Why does len() not support iterators?

Question

Many of Python's built-in functions (any(), all(), sum() to name some) take iterables but why does len() not?

One could always use sum(1 for i in iterable) as an equivalent, but why is it len() does not take iterables in the first place?

Answer 1

Many iterables are defined by generator expressions which don't have a well defined len. Take the following which iterates forever:

def sequence(i=0):
    while True:
        i+=1
        yield i

Basically, to have a well defined length, you need to know the entire object up front. Contrast that to a function like sum. You don't need to know the entire object at once to sum it -- Just take one element at a time and add it to what you've already summed.
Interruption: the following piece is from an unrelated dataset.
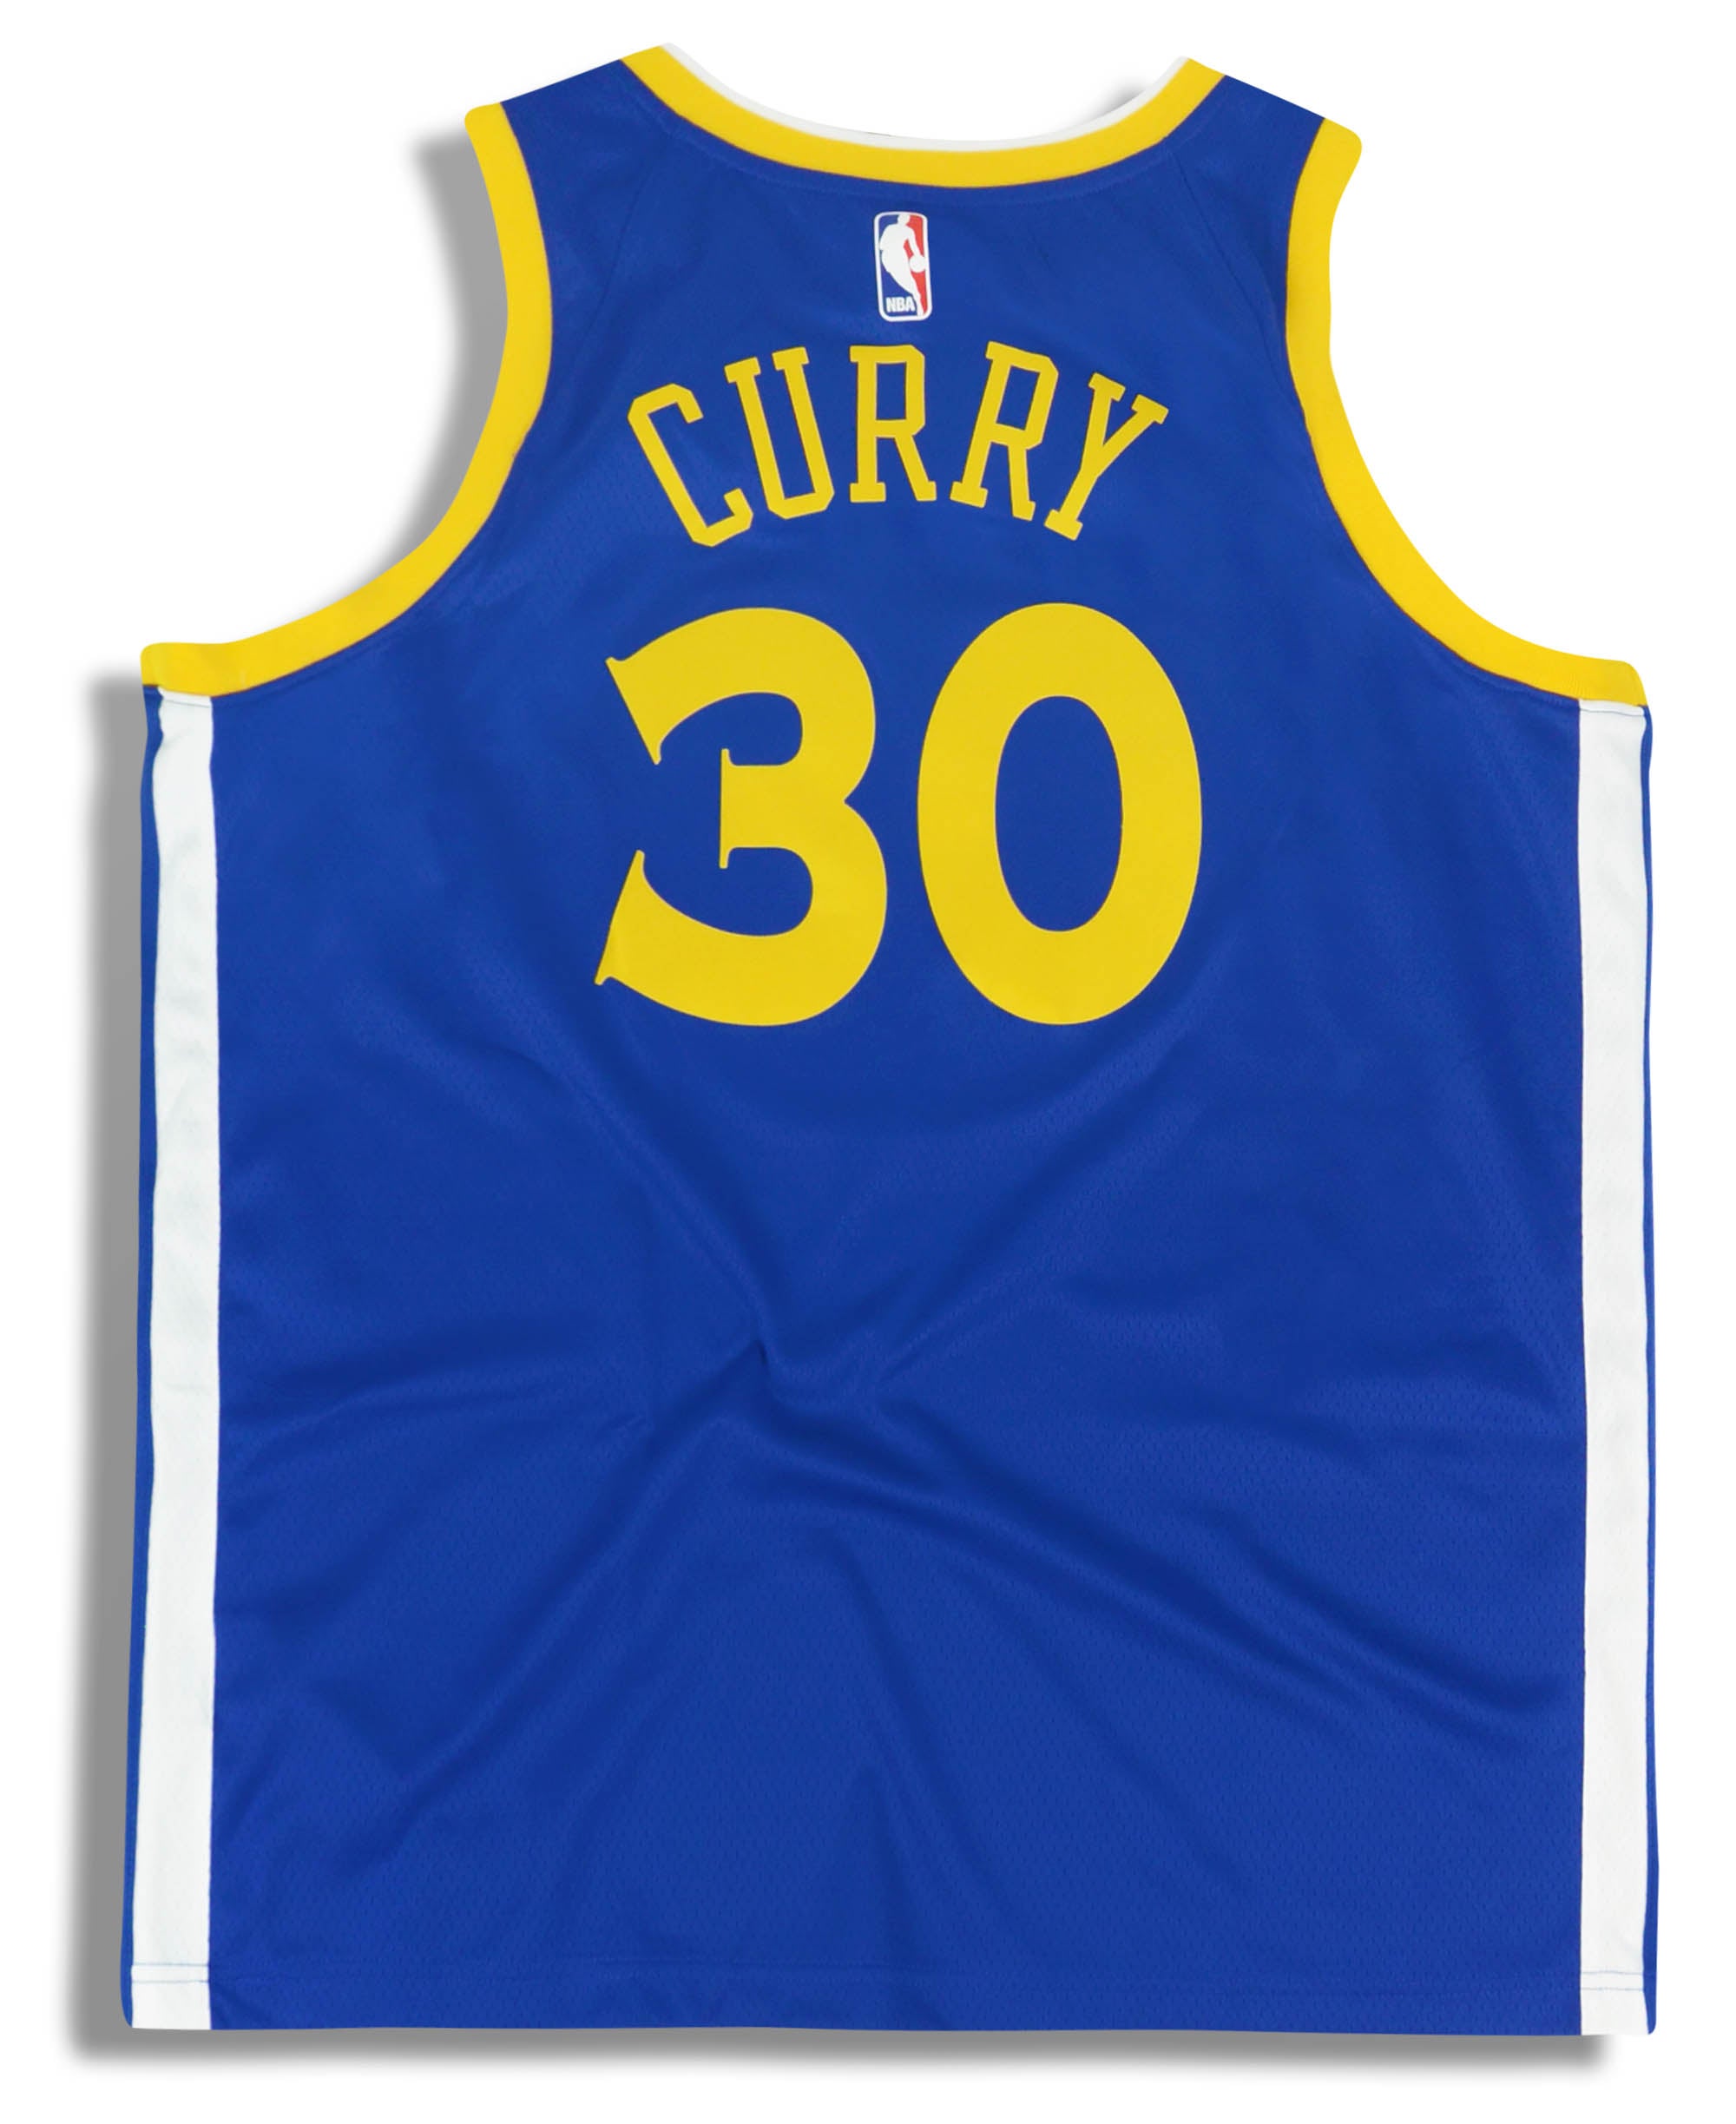 Adidas HWC 2010 NBA Golden State Warriors Stephen Curry Basketball Jersey

Be careful with idioms like sum(1 for i in iterable), often it will just exhaust iterable so you can't use it anymore. Or, it could be slow to get the i'th element if there is a lot of computation involved. It might be worth asking yourself why you need to know the length a-priori. This might give you some insight into what type of data-structure to use (frequently list and tuple work just fine) -- or you may be able to perform your operation without needing calling len.

Answer 2

This is an iterable:

def forever():
    while True:
        yield 1

Yet, it has no length. If you want to find the length of a finite iterable, the only way to do so, by definition of what an iterable is (something you can repeatedly call to get the next element until you reach the end) is to expand the iterable out fully, e.g.:

len(list(the_iterable))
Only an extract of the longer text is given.